Directions:
Output the line that contains "Vico Magistretti two-seat sofa model" together with each line after it, through the final line of the listing below, word for word; omit pictures.

== Data shown ==

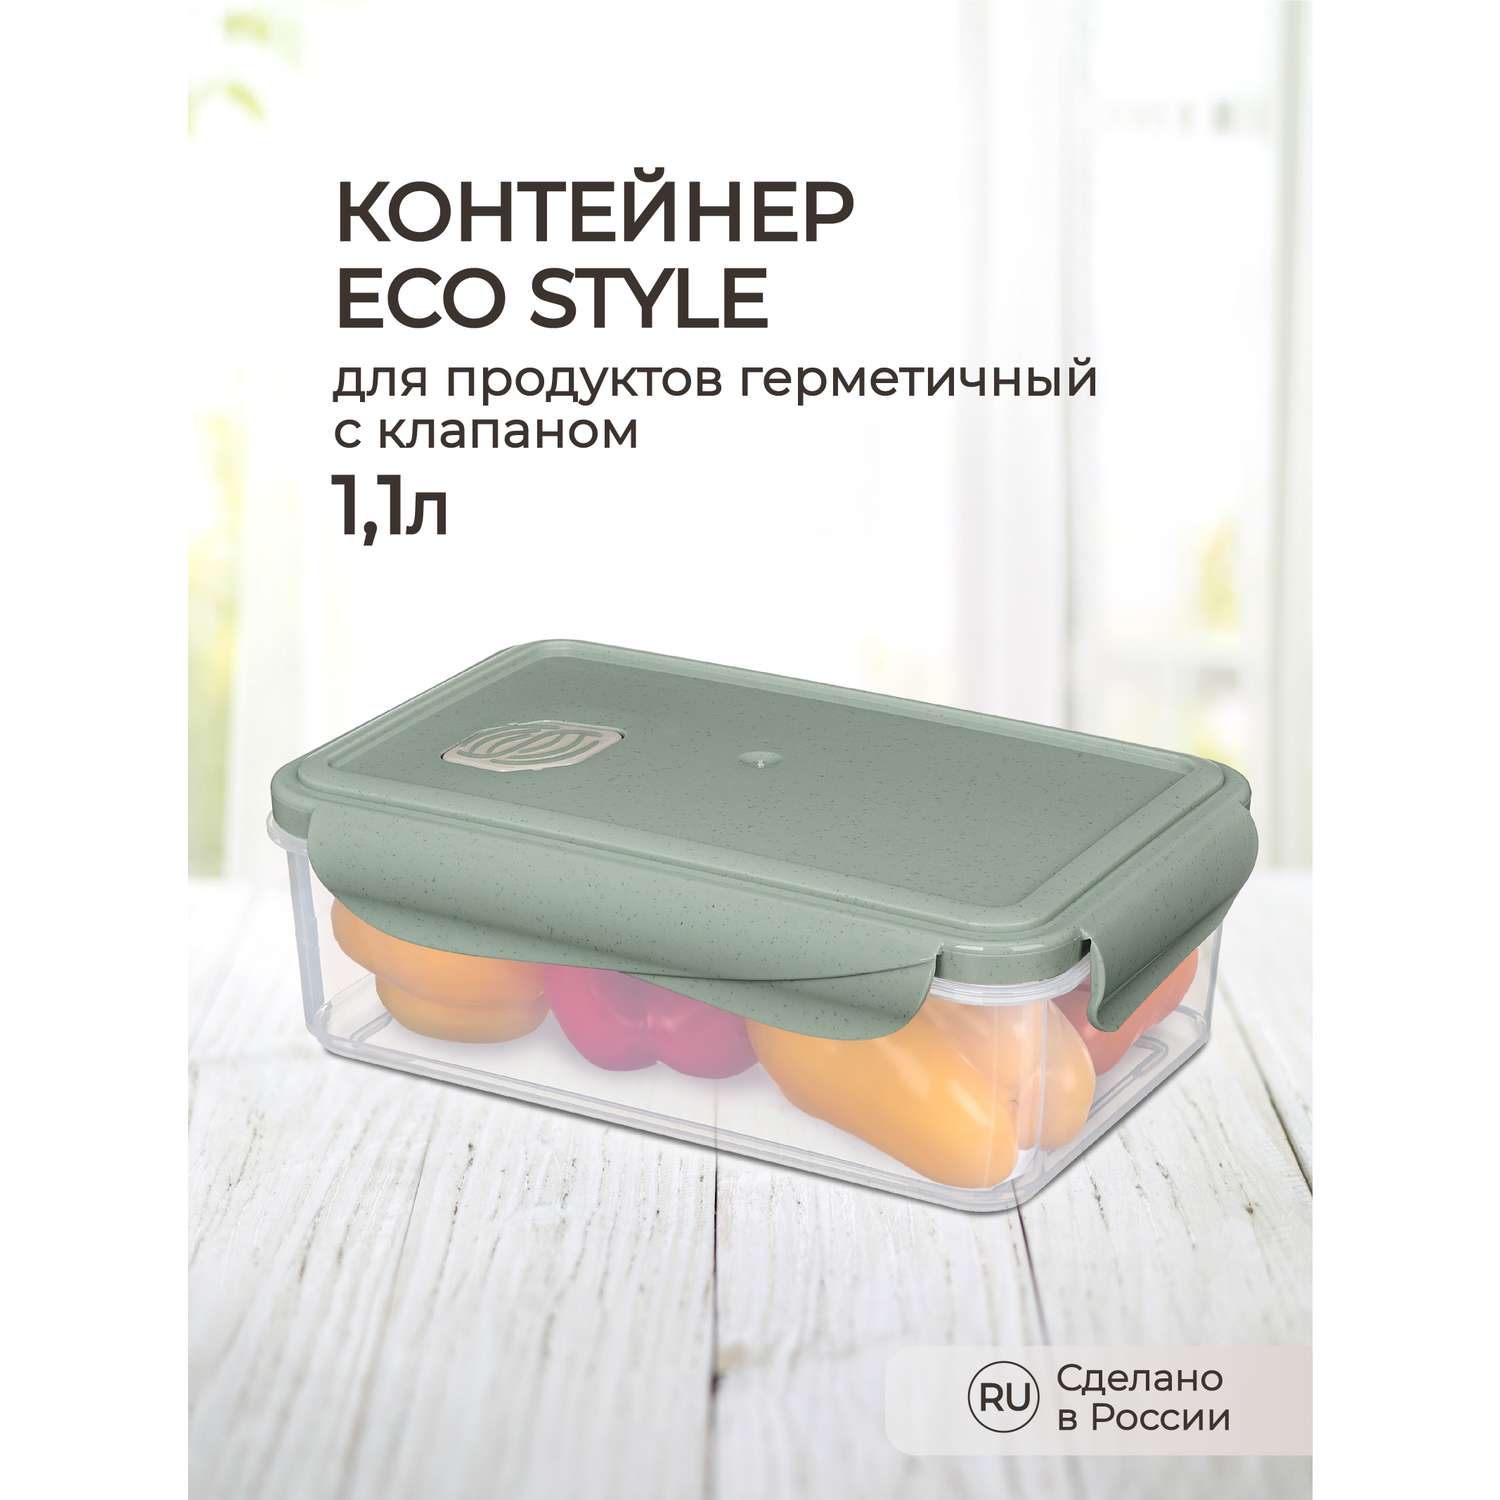 Контейнер Phibo для продуктов герметичный с клапаном Eco Style прямоугольный 1.1л зеленый флэк - фото 1
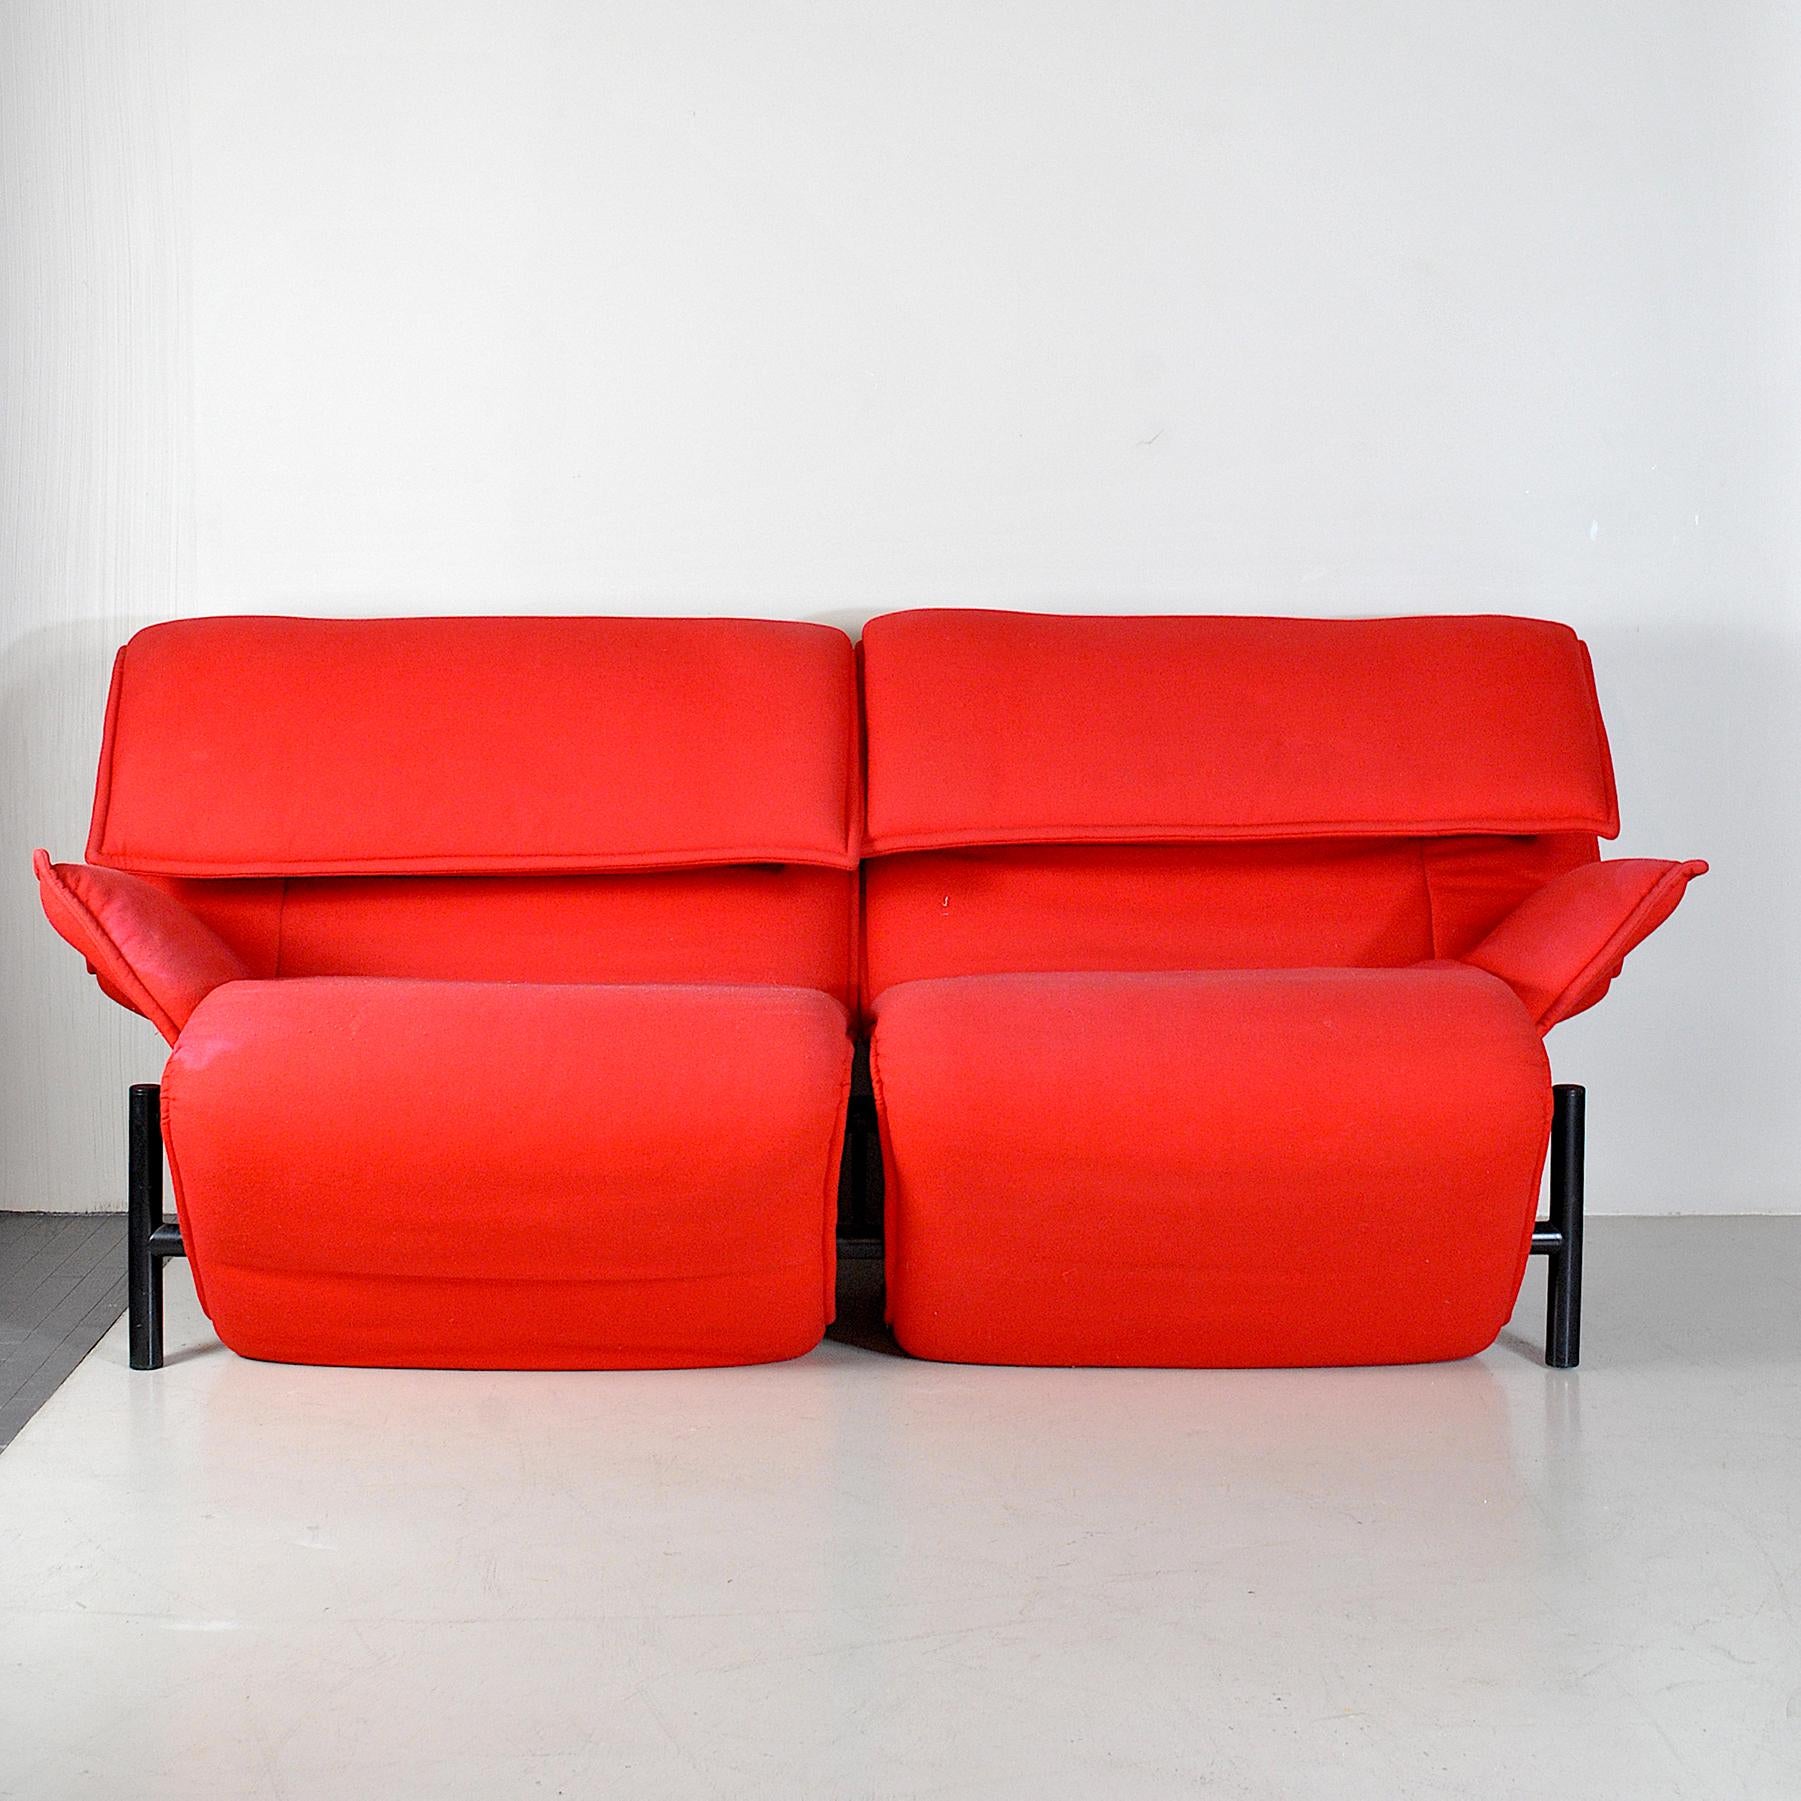 Vico Magistretti two-seat sofa model 
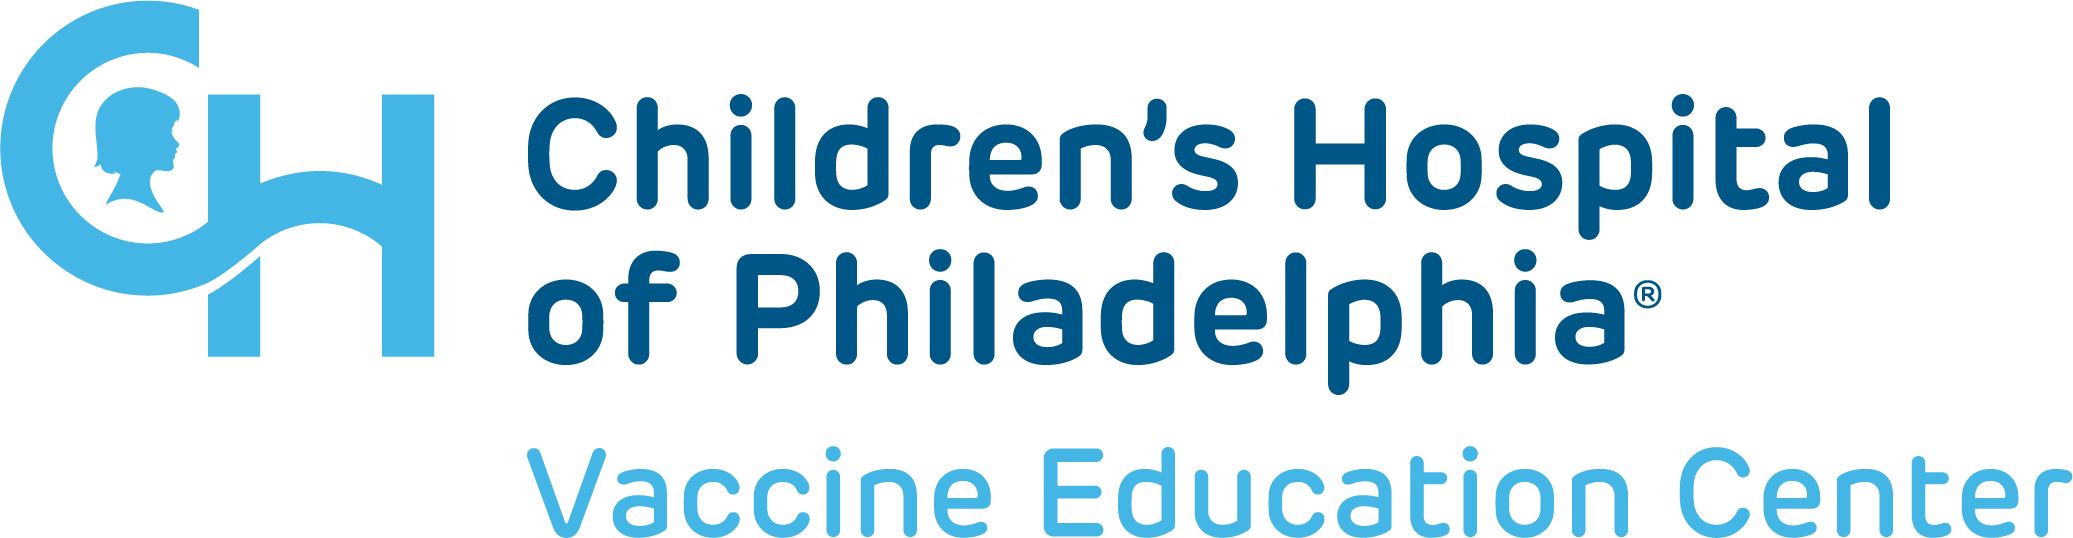 Children's Hospital of Philadelphia Vaccine Education Center

===

Expected answer:
 Vico Magistretti two-seat sofa model 
 Children's Hospital of Philadelphia Vaccine Education Center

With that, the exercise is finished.